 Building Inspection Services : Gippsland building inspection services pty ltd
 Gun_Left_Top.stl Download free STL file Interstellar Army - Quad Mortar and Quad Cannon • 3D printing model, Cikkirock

——

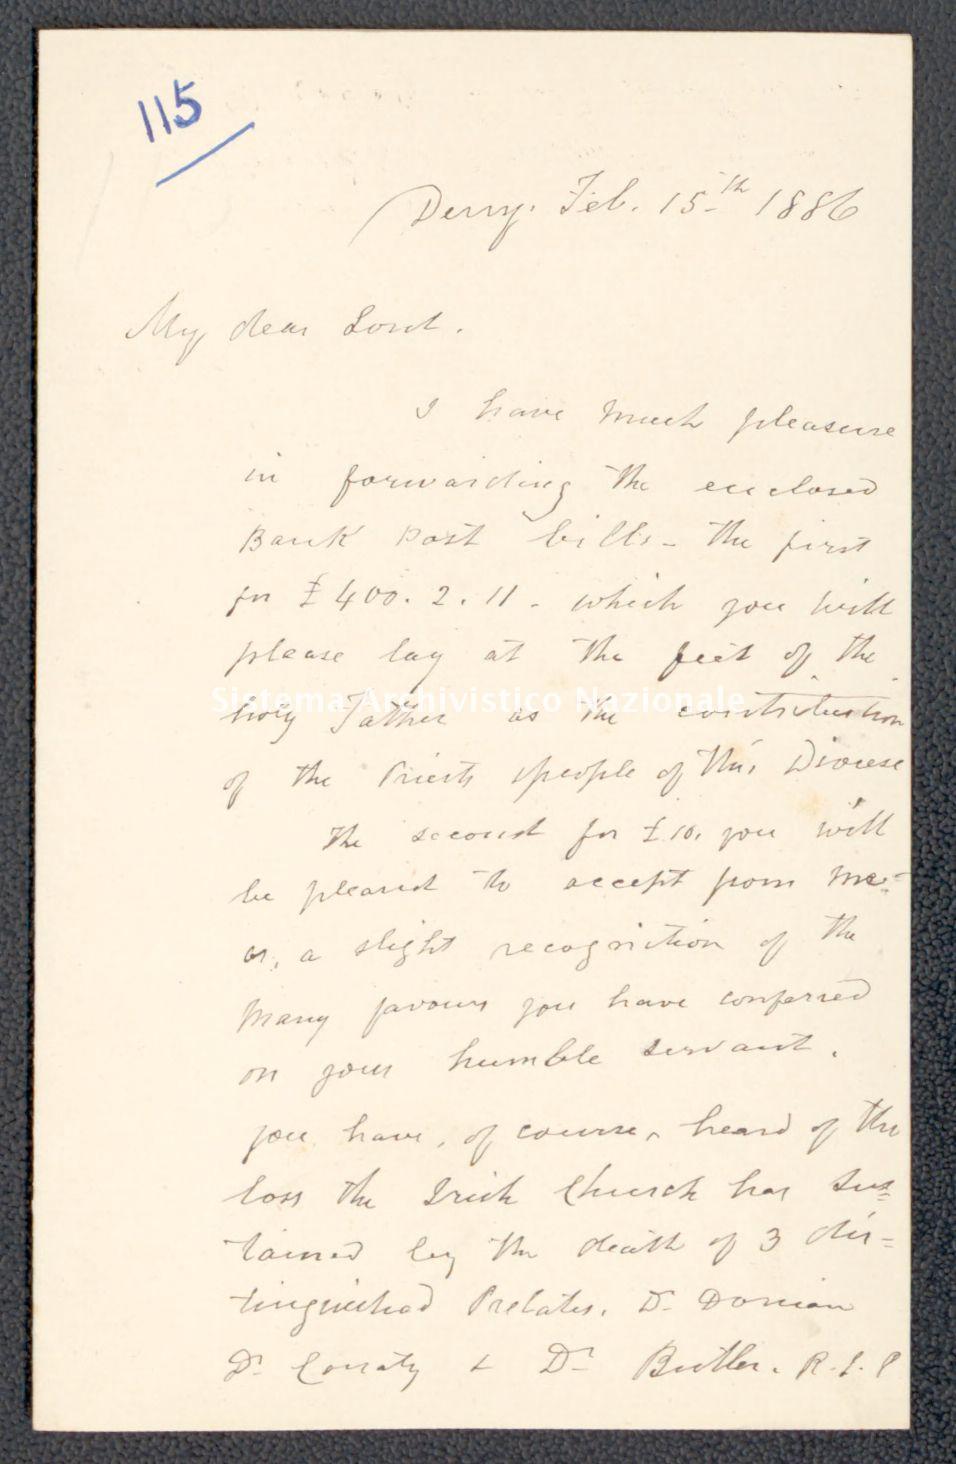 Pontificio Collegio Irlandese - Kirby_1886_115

——

• **TASK GOAL**
Nothing should appear in the answer except the lines above from the line with "Building Inspection Services : Gippsland" through the line with "Gun_Left_Top.stl Download free", both included, written out exactly.

• **SOLUTION TO THE EXERCISE**
 Building Inspection Services : Gippsland building inspection services pty ltd
 Gun_Left_Top.stl Download free STL file Interstellar Army - Quad Mortar and Quad Cannon • 3D printing model, Cikkirock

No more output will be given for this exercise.